Alert description
This alert is triggered when the ratio of the total number of CPU cores allocated to tenants to the total number of CPU cores across all hosts in the OceanBase cluster exceeds the threshold.
Each tenant can be allocated multiple resource units (RU) in a zone. Each RU has specified upper and lower limits for the number of available CPU cores. This alert focuses on whether the allocation is saturated, not the actual usage rate.
Alert principle
The following table lists the key parameters involved in the monitoring logic of this alert.
| Parameter | Value |
|---|---|
| Monitoring metric | cpu_assigned_percent |
| Metric source | SQL:select /*+ MONITOR_AGENT READ_CONSISTENCY(WEAK) */ cpu_total, cpu_assigned, mem_total, mem_assigned,disk_total, cpu_assigned_percent, mem_assigned_percent from __all_virtual_server_stat where svr_ip = ? and svr_port = ?select /*+ MONITOR_AGENT READ_CONSISTENCY(WEAK) */ cpu_total,cpu_max_assigned as cpu_assigned,mem_total,mem_max_assigned as mem_assigned,disk_total, cpu_assigned_percent, mem_assigned_percent from __all_virtual_server_stat where svr_ip = ? and svr_port = ?select /* MONITOR_AGENT */ cpu_capacity_max as cpu_total,cpu_assigned_max as cpu_assigned,mem_capacity as mem_total,mem_assigned as mem_assigned,data_disk_capacity as disk_total, (cpu_assigned_max / cpu_capacity_max) as cpu_assigned_percent, (mem_assigned / mem_capacity) as mem_assigned_percent from V$OB_SERVERS where svr_ip = ? and svr_port |
| Metric collection | cpu_assigned, cpu_total |
| Monitoring expression | 100 * avg(ob_server_resource_cpu_assigned{@LABELS}) by (@GBLABELS) / avg(ob_server_resource_cpu{@LABELS}) by (@GBLABELS) |
| Collection cycle | 60 seconds |
The Monitoring metric value indicates the ratio of the total number of CPU cores allocated to tenants to the total number of CPU cores across all OBServer nodes in the OceanBase cluster. The alert is triggered when this ratio exceeds the threshold (which is 98% by default).
Note
- cpu_assigned indicates the total number of CPU cores allocated to tenants.
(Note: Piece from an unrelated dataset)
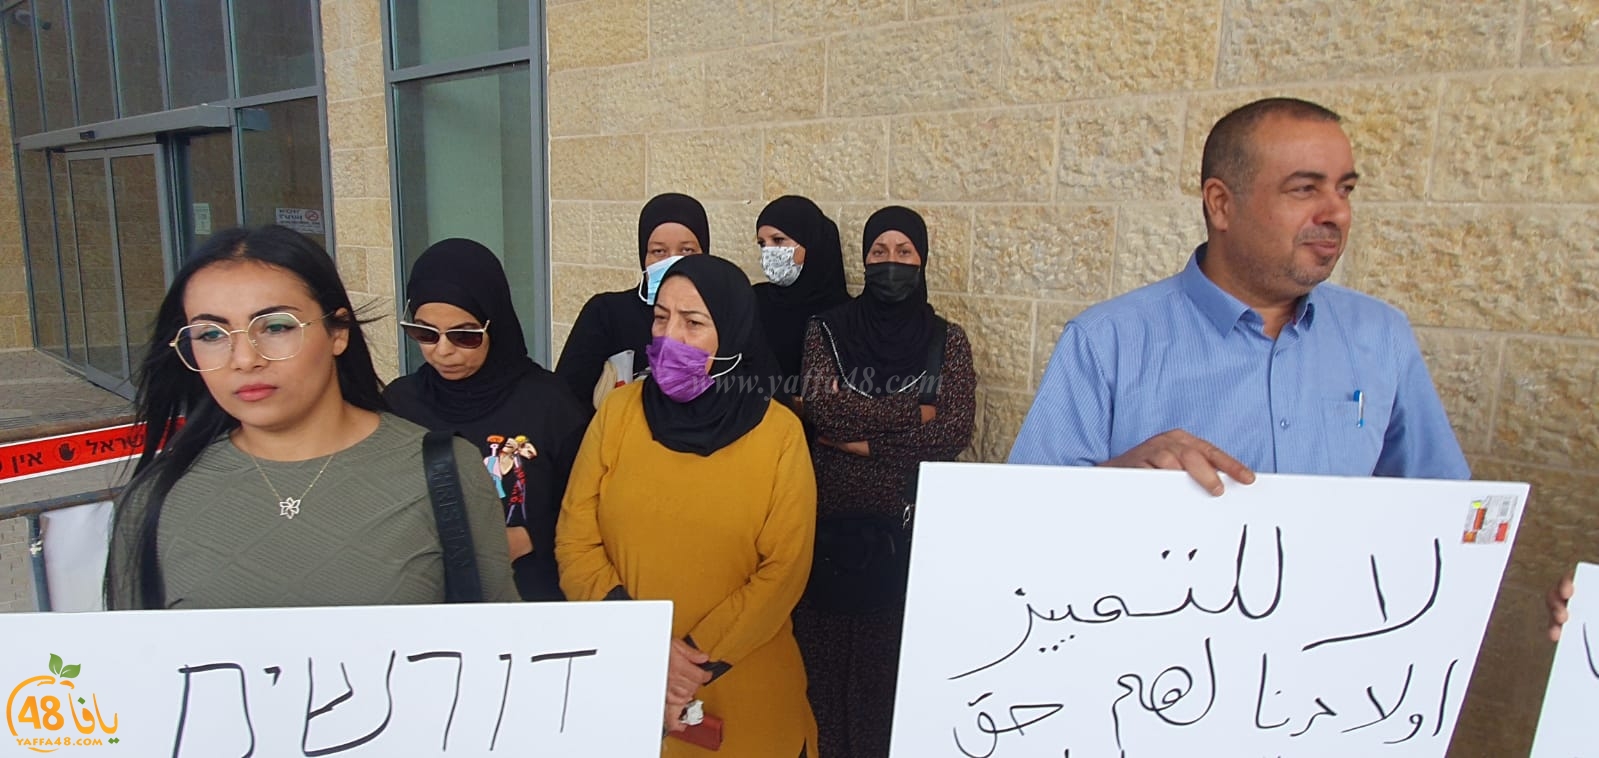  اللد: أهالي الأطفال العرب ينظمون وقفة احتجاجية للمطالبة بتفعيل اليوم المطوّل

- cpu_total indicates the total number of CPU cores across all OBServer nodes in the cluster.
- The monitoring expression in the table calculates the ratio of these two values as the monitoring metric.
Alert information
| Alert trigger method | Alert level | Scope |
|---|---|---|
| Based on the monitoring metric expression | Notice | Server |
Rule information
| Monitoring metric | Default threshold (unit: %) | Duration | Detection cycle | Elimination cycle |
|---|---|---|---|---|
| cpu_assigned_percent | 98 | 0 seconds | 60 seconds | 5 minutes |
Alert template
Alert overview
- Template: ${alarm_target} ${alarm_name}
- Example: ob_cluster=obcluster-1:svr_ip=xxx.xxx.xxx.xxx OceanBase has exceeded the percentage of CPU cores allocated to tenants.
Alert details
- Template: Cluster: ${ob_cluster_name}, Host: ${host}, Alert: CPU utilization of ${value_shown} exceeds ${alarm_threshold} %.
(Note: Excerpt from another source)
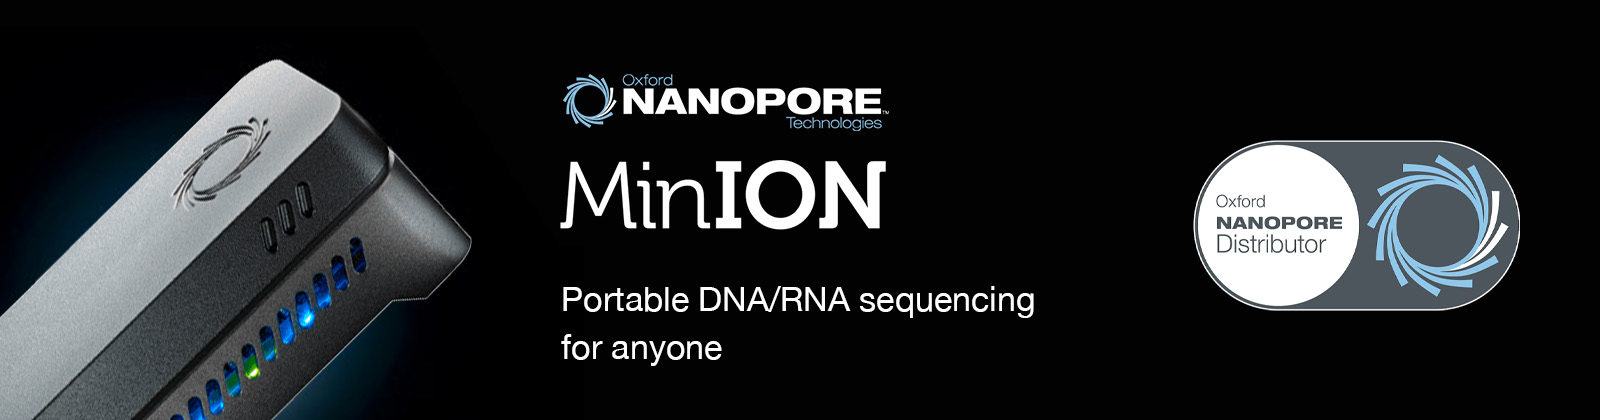 Nanopore minion India

- Example: Cluster: obcluster-1, Host: xxx.xxx.xxx.xxx, Alert: CPU utilization of 99.0 % exceeds 98.0 %.
Alert recovery
- Template: Alert: ${alarm_name}, OceanBase has exceeded the percentage of CPU cores allocated to tenants: ${value_shown}
- Example: Alert: OceanBase has exceeded the percentage of CPU cores allocated to tenants, OceanBase has exceeded the percentage of CPU cores allocated to tenants: 97%
Impact on the system
If more resources are needed or a new tenant needs to be created, the system may fail due to insufficient resources.
Possible causes
This usually occurs when the number of CPU cores in the OceanBase cluster is nearly fully allocated, and further allocation may lead to over-subscription or over-provisioning.
Solution
You can increase the available resources by using the following methods:
Delete unnecessary tenants.
For more information, see Delete a tenant.
Scale down tenants that are using less resources than allocated.
For more information, see Manage unit specifications.
Expand the cluster.
Add OBServer nodes to the OceanBase cluster. For more information, see Add an OBServer node.